Ask HN: Review my startup, tasskr.com - dan335

Hi everyone!  I made a list maker app and would like your feedback.  A few months ago I went looking online for a todo list to help me get things done.  I eventually decided to write my own and learn rails (and put things off even more).  Tasskr is a simple list maker with due dates, time estimates, recurring tasks, reminders and graphs.  I'm hoping it could be profitable.<p>http://tasskr.com
======
euroclydon
If you're really serious about making money on it, then you should do the
following:

1) Add a couple more features that are geared around integration with people's
workflow, like phone reminders, and maybe some ability to, oh, I don't know,
send a grocery list to a husband, or a parts list to a delivery guy.
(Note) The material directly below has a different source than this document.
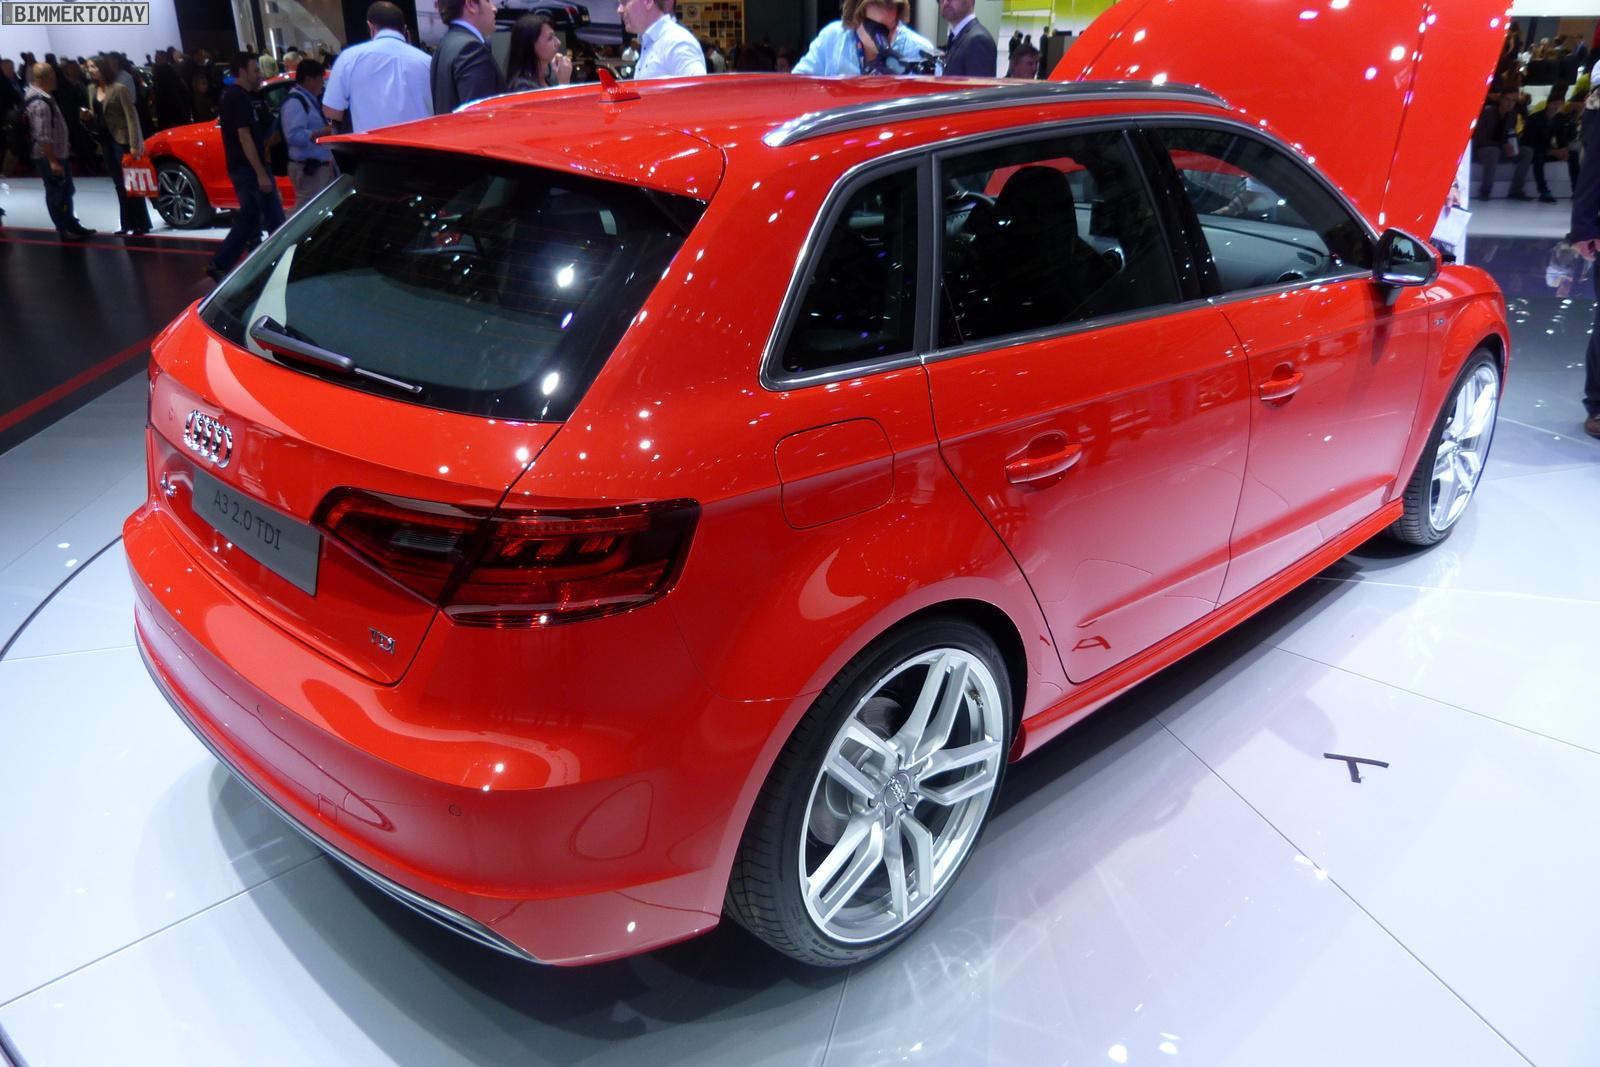 Audi A3 Sportback 2 0 Tdi Paris 2012 08

2) Research, research, research, where people are spending money on the
internet for something like this. You'll find the usual suspects, like
Basecamp, and you'll want to avoid being like that. Instead, you'll want to
find underserved markets niches, dozens of them.

3) Once you've identified the markets, build a list of them, and outline the
contents of a landing page for each niche. Do this on the computer, so that
you can programmatically create all these landing pages and capture some of
the long tail traffic.

4) This should really be #1, but get someone to start paying, anyone. This
will force you to scratch someone's itch who has money. Make whatever changes
they need so that the service is valuable to them. You really need to find one
person out there, who's saying "I wish I had an online task list that met my
needs! If I only did, I could make $X more this week/month/year."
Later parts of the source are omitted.